Home > Spinning Silver(16)

Spinning Silver(16)
Author: Naomi Novik

“Did you hear something?” I said, my voice hushed, and then he climbed down and took out a knife from under his coat as he came towards me, and I realized I’d forgotten to worry about anything else but magic. I shoved the heaped blankets and straw towards him as a too-fragile barricade as I scrambled out the other side of the sledge. “Don’t,” I blurted. “Oleg, don’t,” my heavy skirts dragging in the snow as he came around for me. “Oleg, please,” but his face was clenched down, cold deeper than any winter. “It’s not my gold!” I cried in desperation, holding the purse out between us. “It’s not mine, I have to pay it back—”

He didn’t stop. “None of it’s yours,” he snarled. “None of it’s yours, little grubbing vulture, taking money out of the hands of honest working men,” every word out of his mouth familiar as a knife: it was the story again, only a little different; a story Oleg had found to persuade himself he wasn’t doing wrong, that he had a right to what he’d take or cheat, and I knew he wouldn’t listen to me.
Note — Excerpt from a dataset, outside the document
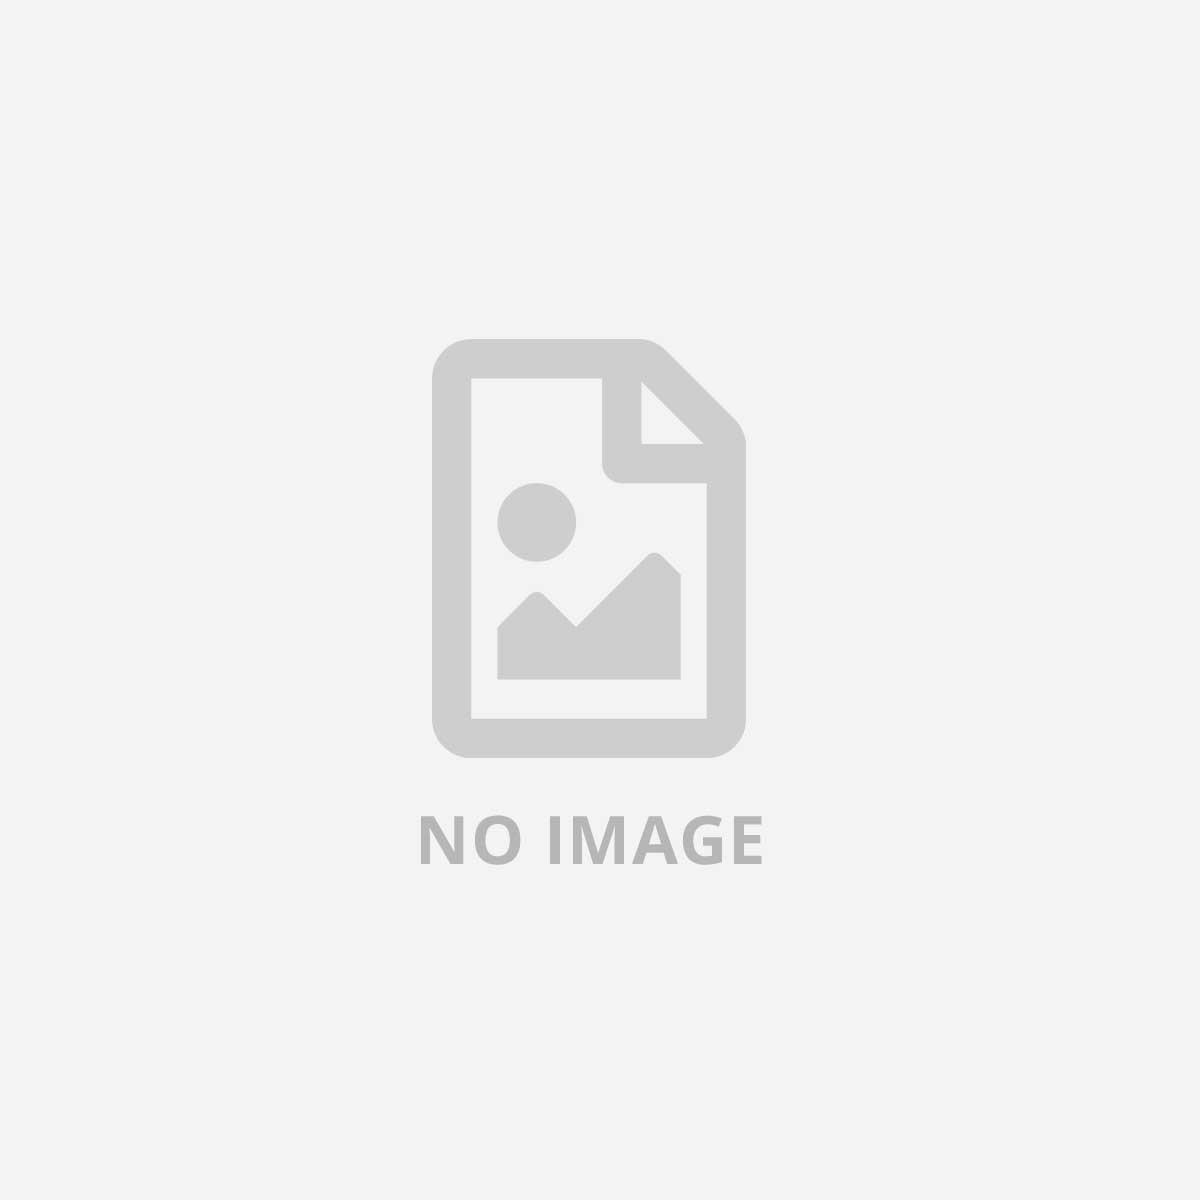 DATALOGIC CAVO USB PER MEMOR X10

He would leave my body for the wolves, and go home with the gold hidden under his coat, and say I had been lost in the woods.

I dropped the purse and gripped two big handfuls of my skirts and struggled back, floundering through the deep snow, higher than my thighs. He lunged, and I flung myself away, falling backwards. The crust atop the snow gave beneath my weight, and branches out of the underbrush clawed my cheek. I couldn’t get up. He was standing over me, his knife in one hand and the other reaching down to grab me, and then he halted; his arms sank down to his sides.

He wasn’t showing me mercy. A deeper cold was coming into his face, stealing blue over his lips, and white frost was climbing over his thick brown beard. I struggled back to my feet, shivering. The Staryk was standing behind him, a hand laid upon the back of his neck like a master taking hold of a dog.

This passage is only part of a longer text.